The Notebook gives you everything that a browser gives you. For example, you can embed images, videos, or entire websites.
from IPython.display import HTML
HTML("<iframe src=http://co-op.nashvl.org width=700 height=350></iframe>")
from IPython.display import YouTubeVideo
YouTubeVideo("BS4Wd5rwNwE")
Use %load
to add remote code
Mathjax ia a javascript implementation of LaTeX that allows equations to be embedded into HTML.
$$ \int_{a}^{b} f(x)\, dx \approx \frac{1}{2} \sum_{k=1}^{N} \left( x_{k} - x_{k-1} \right) \left( f(x_{k}) + f(x_{k-1}) \right). $$SymPy is a Python library for symbolic mathematics. It supports:
from sympy import *
%load_ext sympyprinting
x, y = symbols("x y")
eq = ((x+y)**2 * (x+1))
eq
expand(eq)
(1/cos(x)).series(x, 0, 6)
IPython has a set of predefined ‘magic functions’ that you can call with a command line style syntax. These include:
%run
%edit
%debug
%timeit
%paste
%load_ext
%lsmagic
Available line magics: %alias %alias_magic %autocall %automagic %bookmark %cd %clear %colors %config %connect_info %debug %dhist %dirs %doctest_mode %ed %edit %env %gui %hist %history %install_default_config %install_ext %install_profiles %killbgscripts %less %load %load_ext %loadpy %logoff %logon %logstart %logstate %logstop %lsmagic %macro %magic %man %more %notebook %page %pastebin %pdb %pdef %pdoc %pfile %pinfo %pinfo2 %popd %pprint %precision %profile %prun %psearch %psource %pushd %pwd %pycat %pylab %qtconsole %quickref %recall %rehashx %reload_ext %rep %rerun %reset %reset_selective %run %save %sc %store %sx %system %tb %time %timeit %unalias %unload_ext %who %who_ls %whos %xdel %xmode Available cell magics: %%! %%bash %%capture %%file %%javascript %%latex %%perl %%prun %%pypy %%python %%python3 %%ruby %%script %%sh %%svg %%sx %%system %%time %%timeit Automagic is ON, % prefix IS NOT needed for line magics.
Timing the execution of code; the timeit
magic exists both in line and cell form:
%timeit np.linalg.eigvals(np.random.rand(100,100))
100 loops, best of 3: 8.34 ms per loop
%%timeit a = np.random.rand(100, 100)
np.linalg.eigvals(a)
100 loops, best of 3: 8.3 ms per loop
IPython also creates aliases for a few common interpreters, such as bash, ruby, perl, etc.

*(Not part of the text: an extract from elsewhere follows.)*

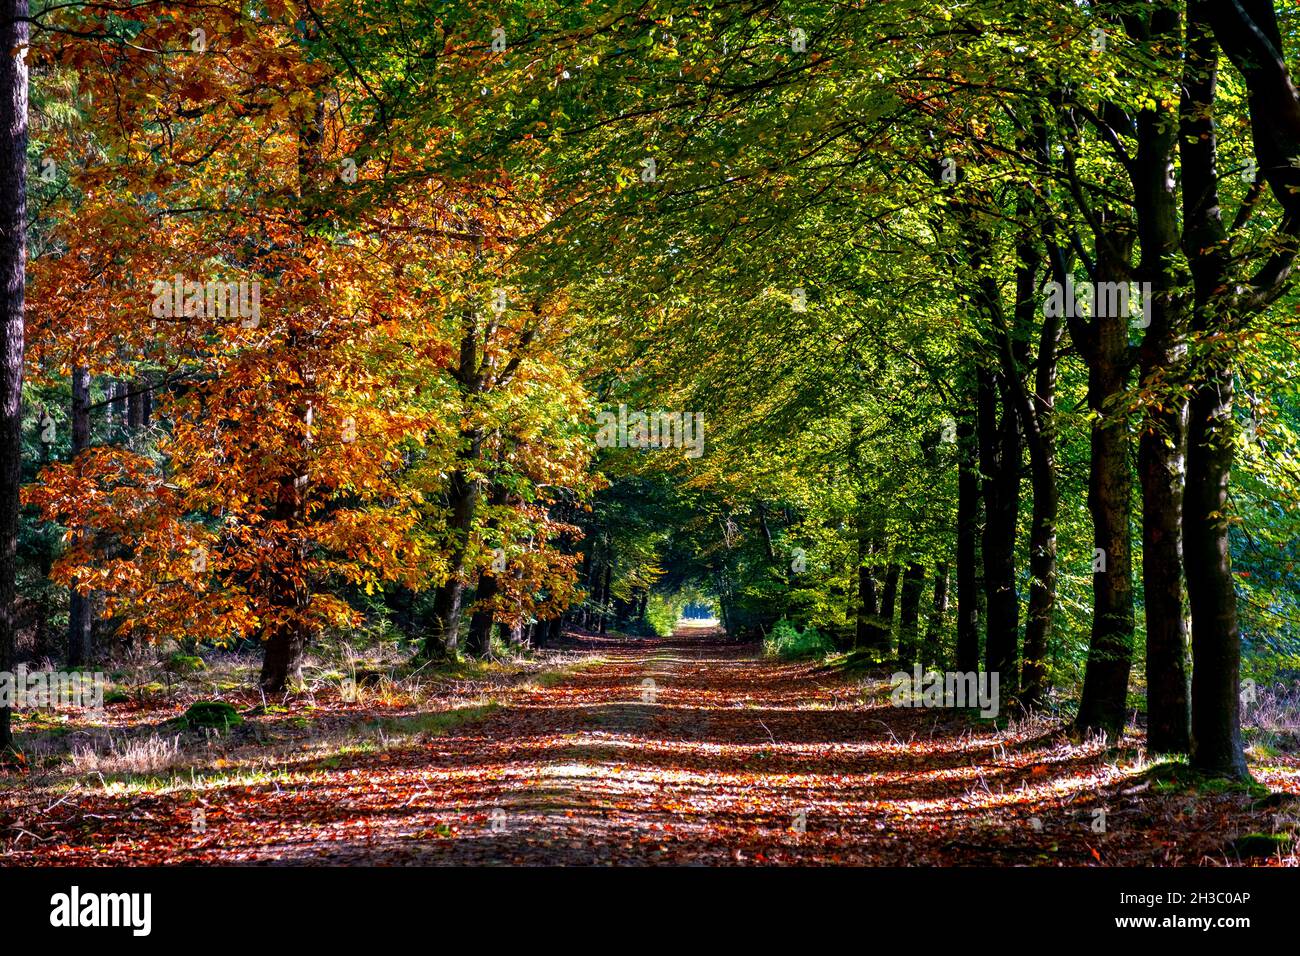 Herbstfarben mit orange roten Bäumen im Oktober im Nationalpark Drentsche AA, bunte Herbstbäume in den Niederlanden Drenthe während der Herbstsaison. Stockfoto

These are all equivalent to %%script <name>
%%ruby
puts "Hello from Ruby #{RUBY_VERSION}"
Hello from Ruby 1.8.7
%%bash
echo "hello from $BASH"
hello from /bin/bash
IPython has an rmagic
extension that contains a some magic functions for working with R via rpy2. This extension can be loaded using the %load_ext
magic as follows:
%load_ext rmagic
x,y = arange(10), random.normal(size=10)
%%R -i x,y -o XYcoef
lm.fit <- lm(y~x)
par(mfrow=c(2,2))
print(summary(lm.fit))
plot(lm.fit)
XYcoef <- coef(lm.fit)
Call: lm(formula = y ~ x) Residuals: Min 1Q Median 3Q Max -1.8446 -0.6005 -0.2404 0.8248 2.0626 Coefficients: Estimate Std. Error t value Pr(>|t|) (Intercept) 0.3486 0.7065 0.493 0.635 x -0.1064 0.1323 -0.804 0.445 Residual standard error: 1.202 on 8 degrees of freedom Multiple R-squared: 0.07474, Adjusted R-squared: -0.04091 F-statistic: 0.6463 on 1 and 8 DF, p-value: 0.4447
XYcoef
[ 0.34858412 -0.10639529]
Before running the next cell, make sure you have first started your cluster, you can use the clusters tab in the dashboard to do so.

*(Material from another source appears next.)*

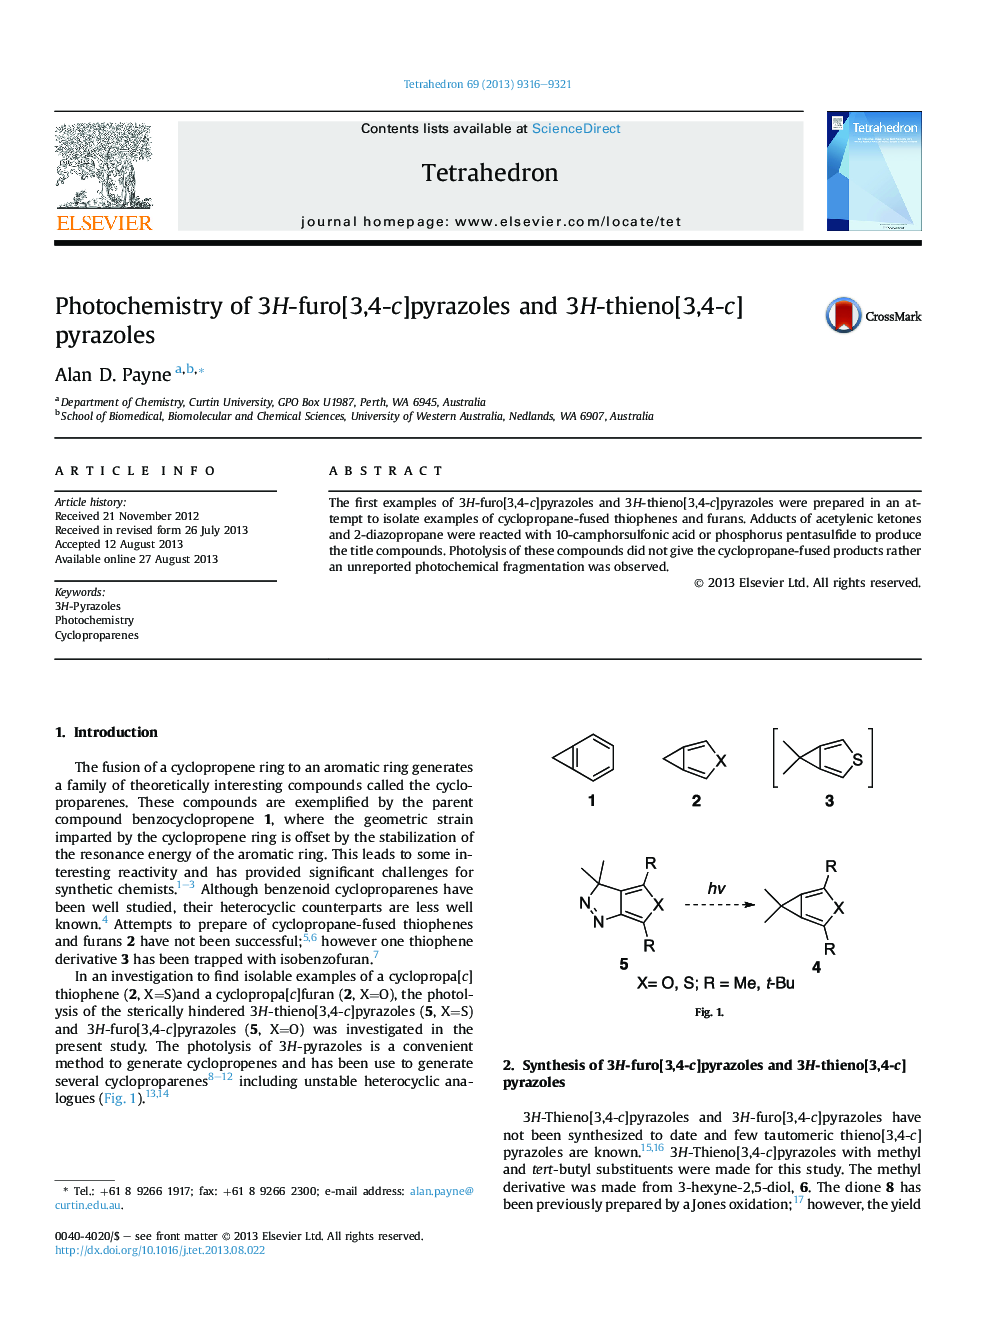 Photochemistry of 3H-furo[3,4-c]pyrazoles and 3H-thieno[3,4-c]pyrazoles

from IPython.parallel import Client
client = Client()
dv = client.direct_view()
len(dv)
def where_am_i():
import os
import socket
return "In process with pid {0} on host: '{1}'".format(
os.getpid(), socket.gethostname())
where_am_i_direct_results = dv.apply(where_am_i)
where_am_i_direct_results.get()
[In process with pid 79873 on host: 'Cepeda.local', In process with pid 79874 on host: 'Cepeda.local', In process with pid 79875 on host: 'Cepeda.local']
IPython Notebook Viewer Displays static HTML versions of notebooks, and includes a gallery of notebook examples.
NotebookCloud A service that allows you to launch and control IPython Notebook servers on Amazon EC2 from your browser.
A Reference-Free Algorithm for Computational Normalization of Shotgun Sequencing Data A landmark example of reproducible research in genomics: Git repo, iPython notebook, data and scripts.